Neither Ryerson nor any other representative provided updates on the proposed stadium or how many season ticket deposits have been sold.

Randy Ambrosie, commissioner of the CFL, said the only thing standing in the way of Halifax being granted a CFL franchise is the stadium.

“We have nothing but a bunch of small administrative stuff that has to get done,” he said. “Obviously build a stadium, and get ready to play some football.”

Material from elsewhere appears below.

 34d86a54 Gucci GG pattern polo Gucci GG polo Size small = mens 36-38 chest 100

CFL Commissioner Randy Ambrosie (centre) answers questions while Bruce Bowser (left) and Anthony LeBlanc (right) founding partners of Maritime Football Ltd. listen at the Nov. 7 press conference
CFL Commissioner Randy Ambrosie (centre) answers questions on Nov. 7, with Bruce Bowser (left) and Anthony LeBlanc (right), founding partners of Maritime Football Ltd.   Brent Kelloway

While the stadium is the biggest hurdle for Halifax’s CFL franchise, Ambrosie said they also need corporate sponsorships.

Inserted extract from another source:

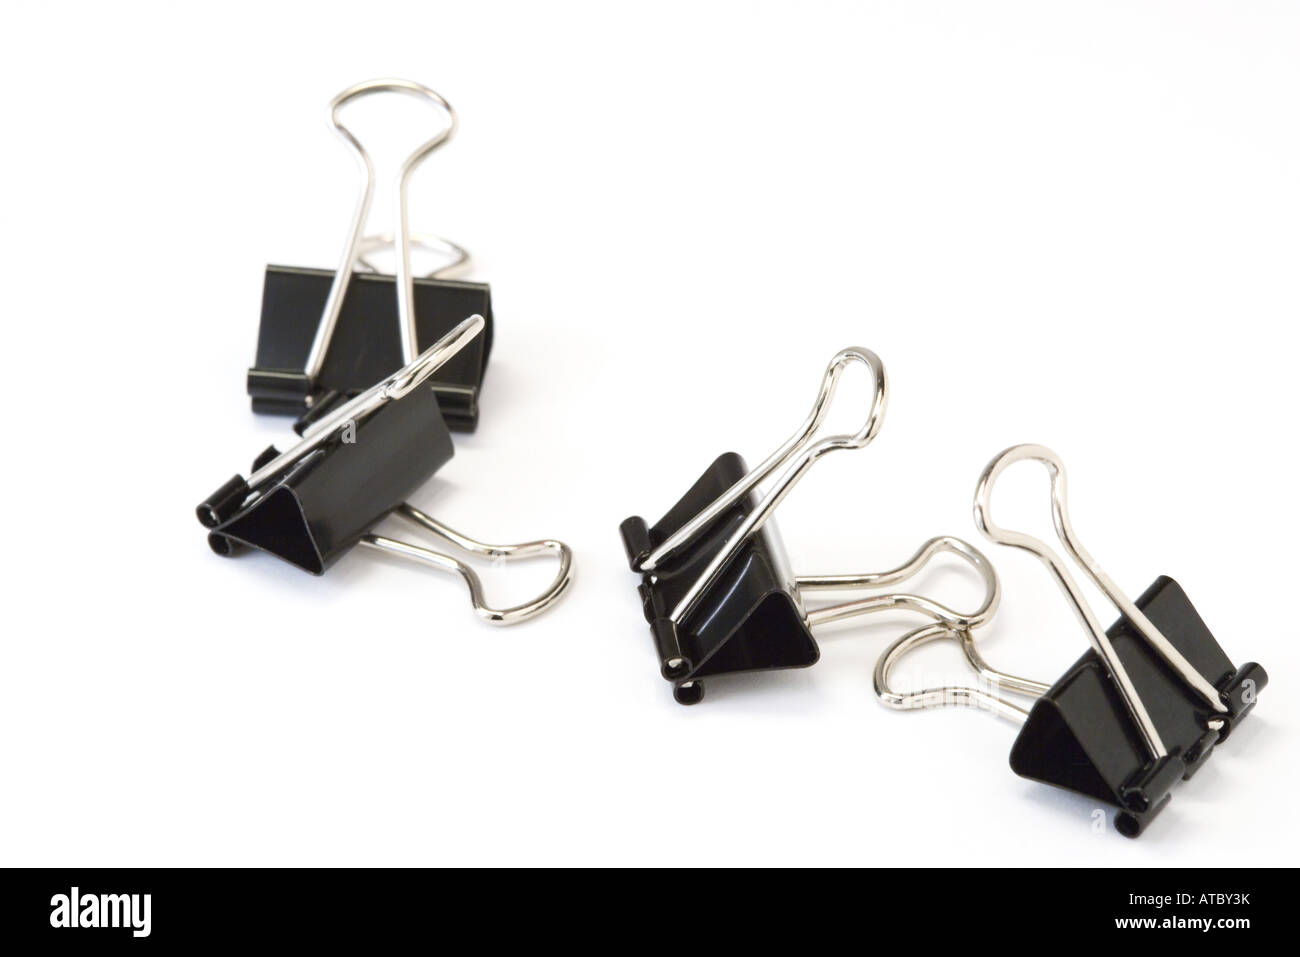 Binder clips, close-up - Stock Image

Grant Hilliard, a CFL fan for 60 years, watched the announcement at the HFX Sports Bar. He agreed the stadium is the biggest issue, but said it could create more job opportunities.

“It would be wonderful. There would be a lot of sports information; it would bring a lot of television work and bring tourists here as well,” said Hilliard. “Plus, it would be pretty enjoyable to go and see the games.”

Maritime Football Ltd. has said it hopes to build a 24,000-seat stadium in the Shannon Park area. On Oct. 30, Halifax Regional Council unanimously voted to have a staff report conducted on the proposed building.

Ambrosie said Friday he is excited about the opportunity to have a CFL franchise in region, as the most eastern team is in Montreal. He said they want to create a Coast Bowl that would feature the B.C. Lions against the Atlantic Schooners.

“The thought of a truly national Canadian Football League, coast to coast, is absolutely amazing,” said Ambrosie.